» **To do**
Give an unaltered copy of the listing below, minus its pictures.

» **Recorded data**
== Segment start ==

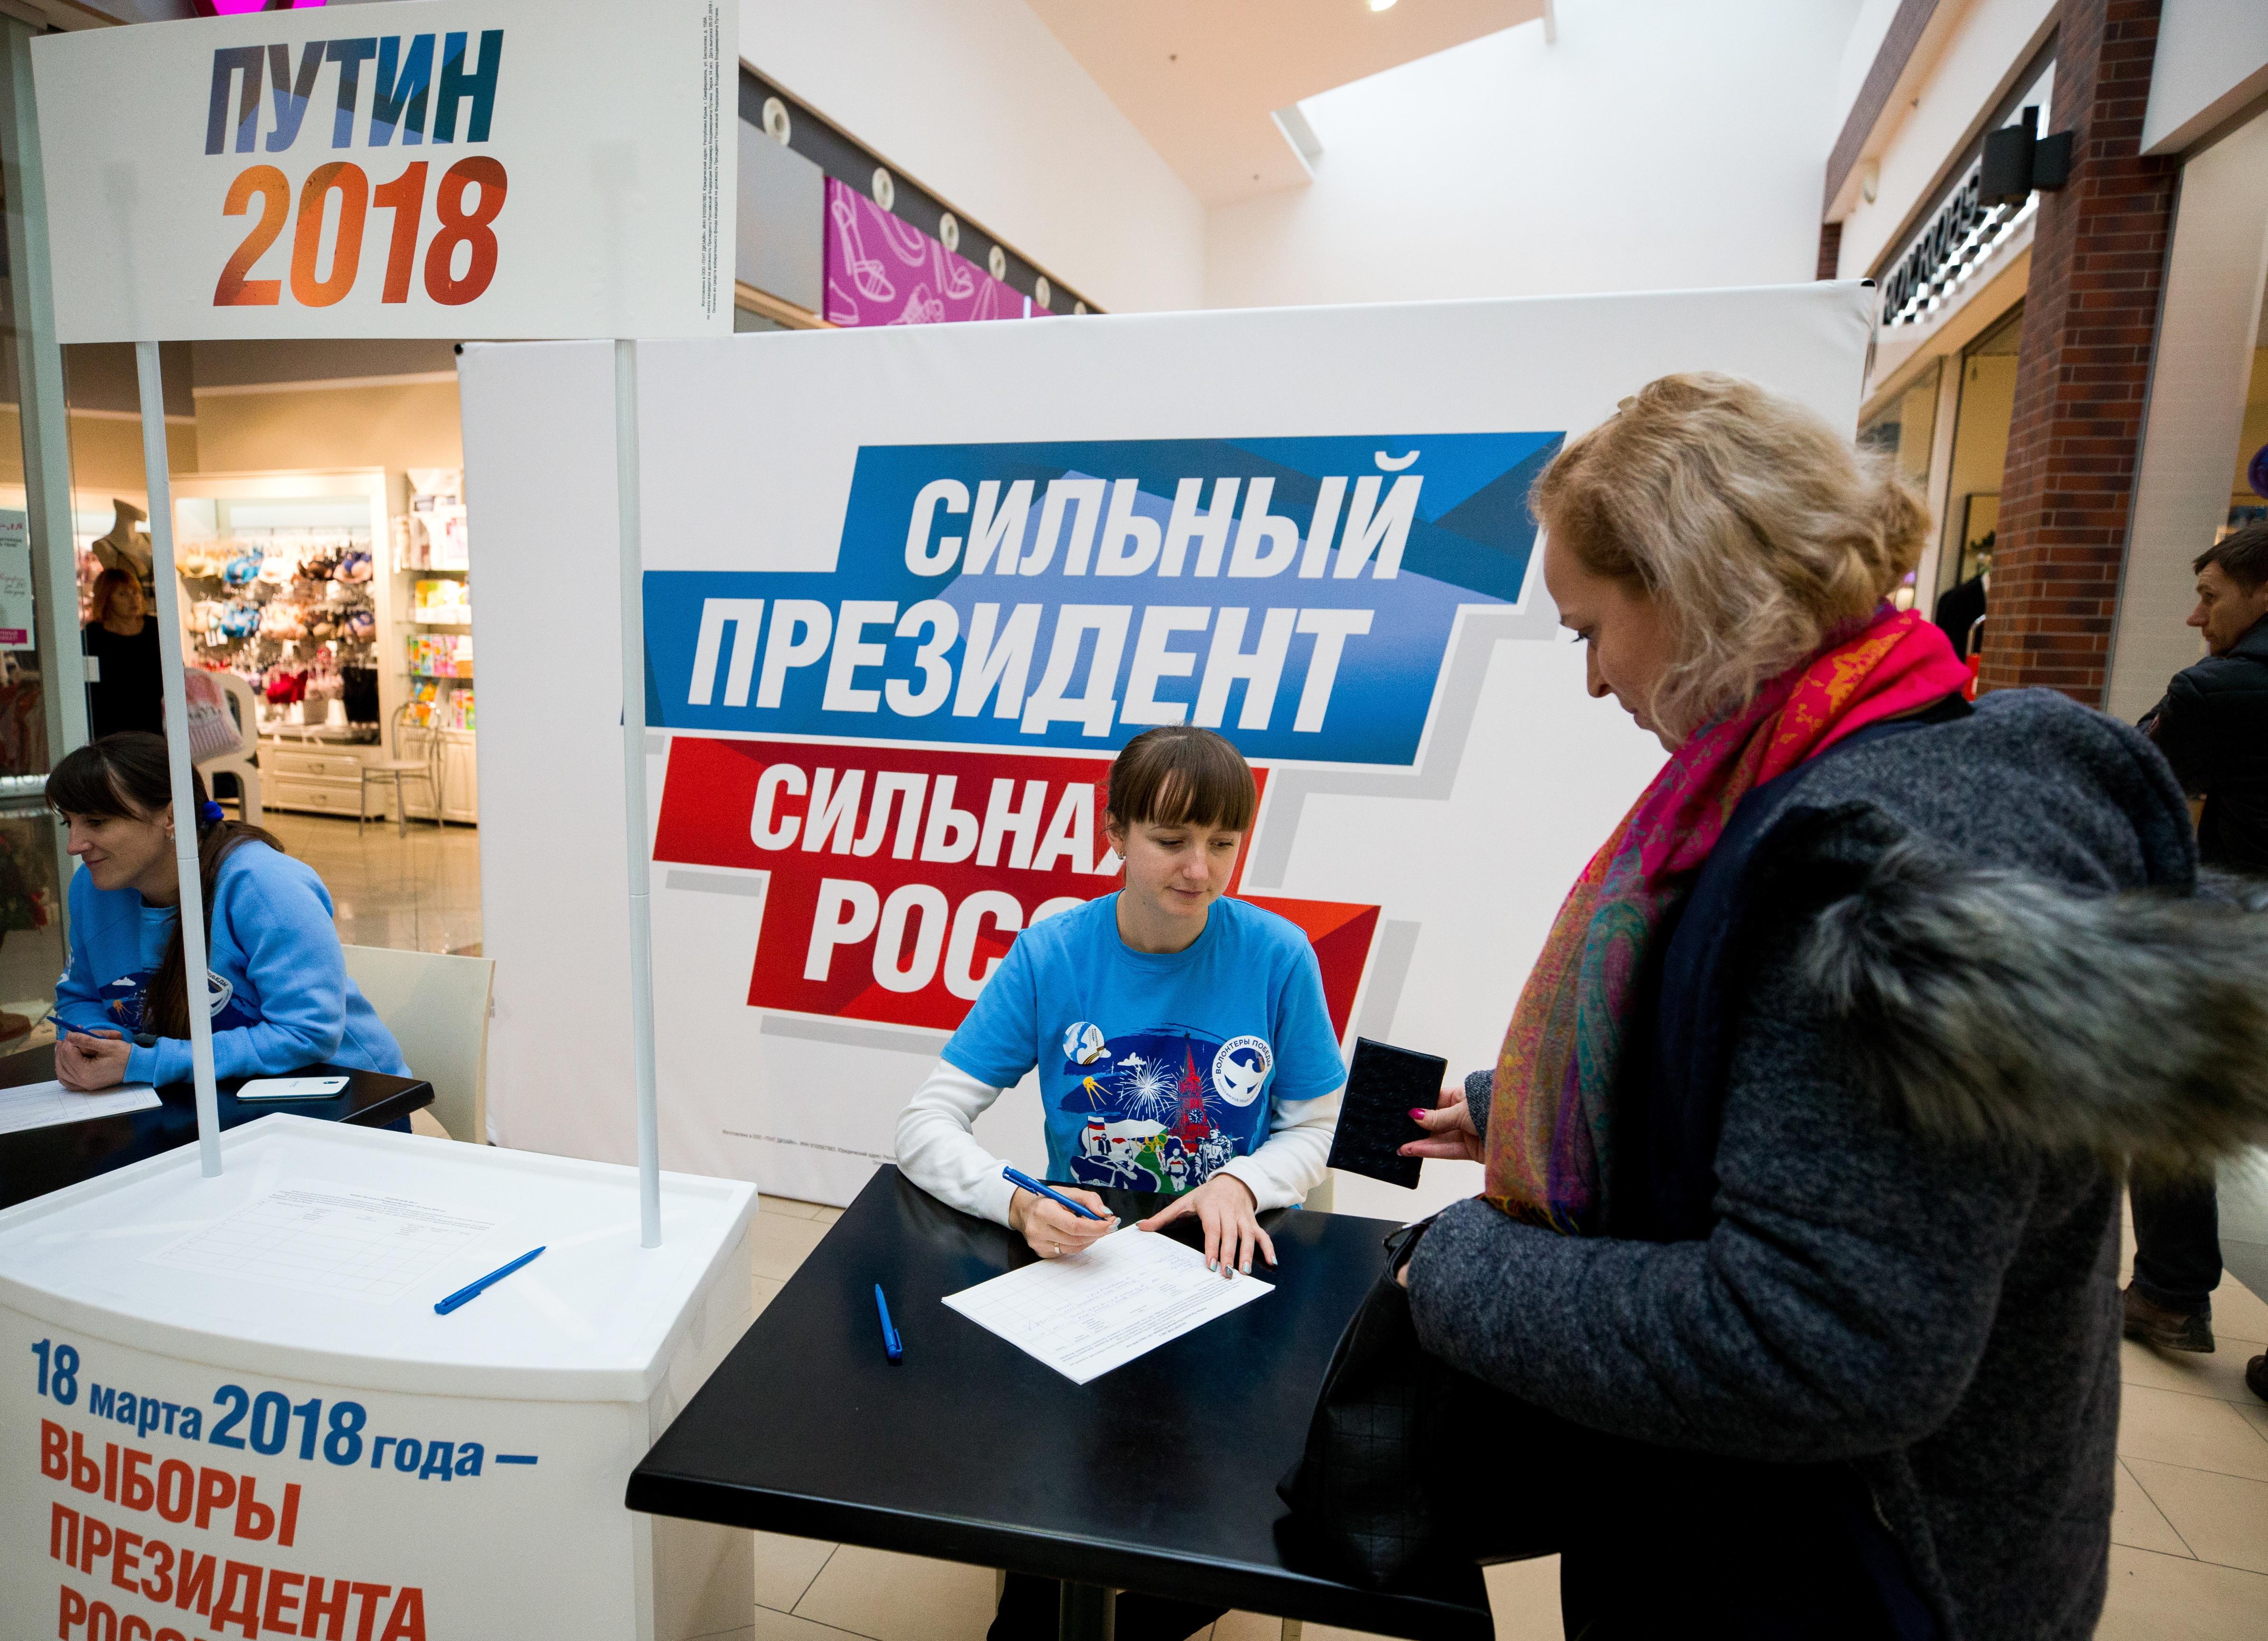 ВПетербурге начался сбор подписей вподдержку В. Путина навыборах президента
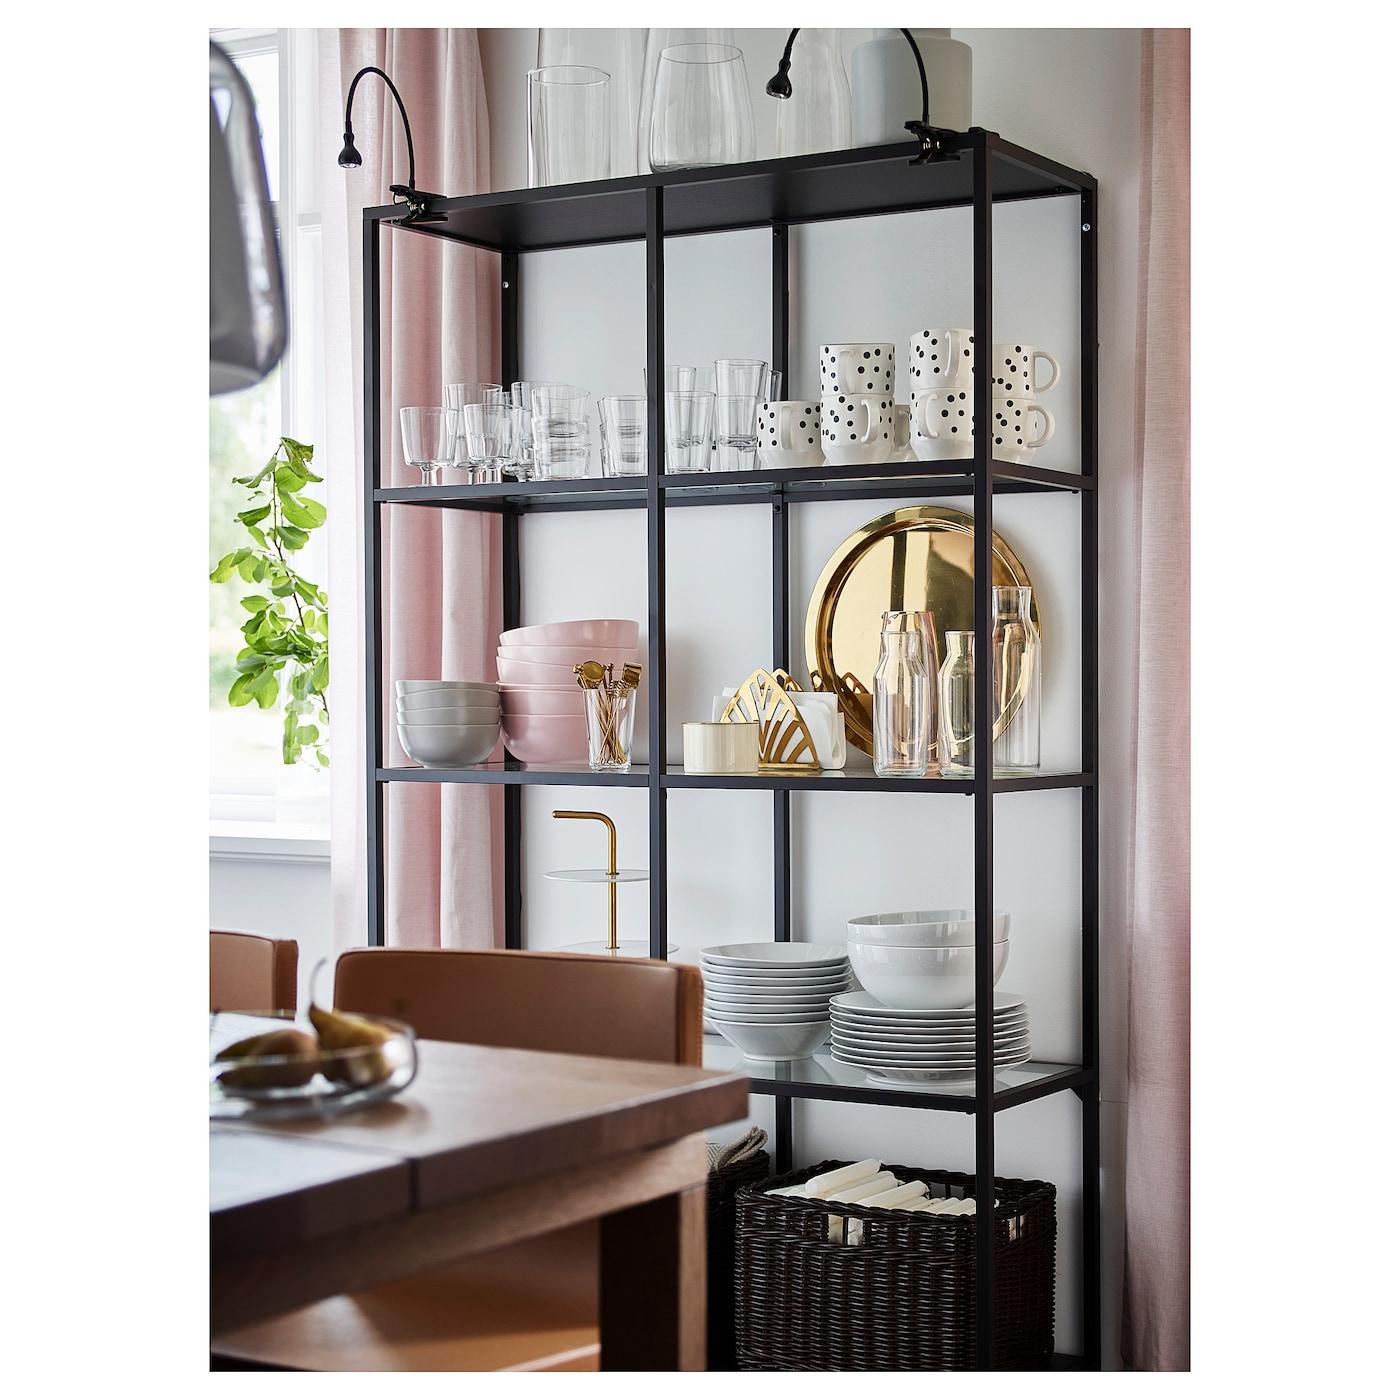 Vittsjo Shelf Unit Black Brown Glass Width 39 3 8 Ikea
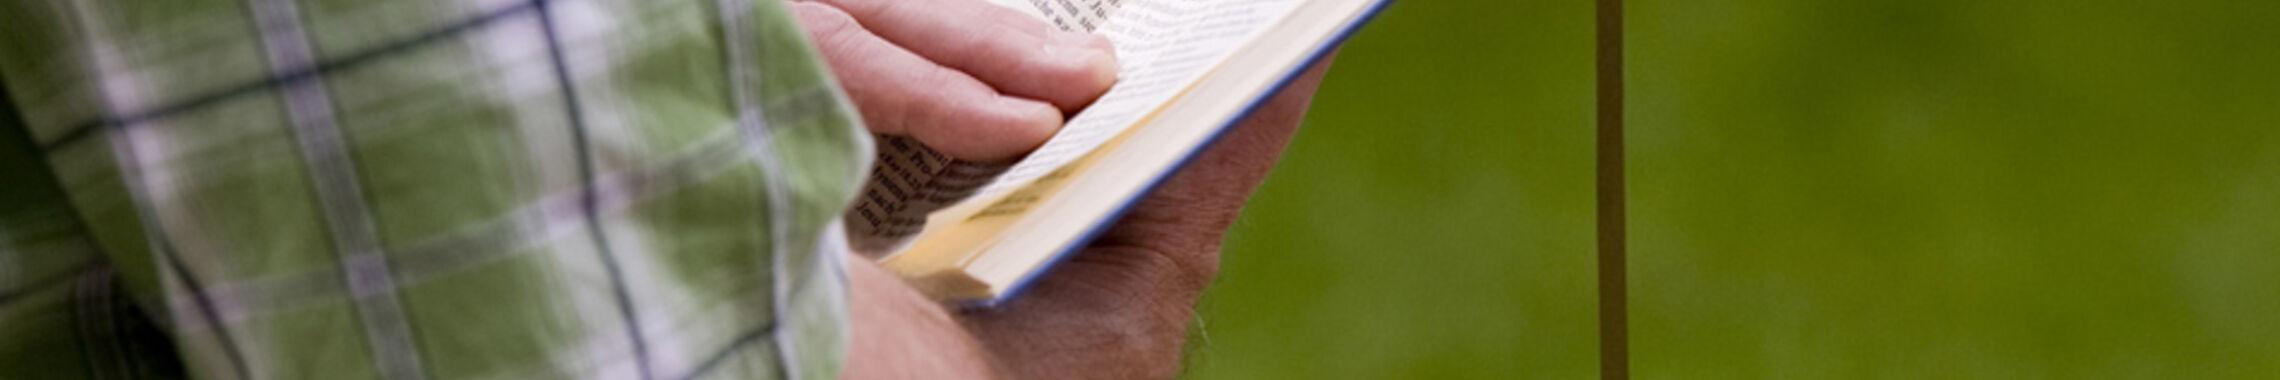 Bibeltext natur1

== Segment end ==

» **Exercise output**
 ВПетербурге начался сбор подписей вподдержку В. Путина навыборах президента
 Vittsjo Shelf Unit Black Brown Glass Width 39 3 8 Ikea
 Bibeltext natur1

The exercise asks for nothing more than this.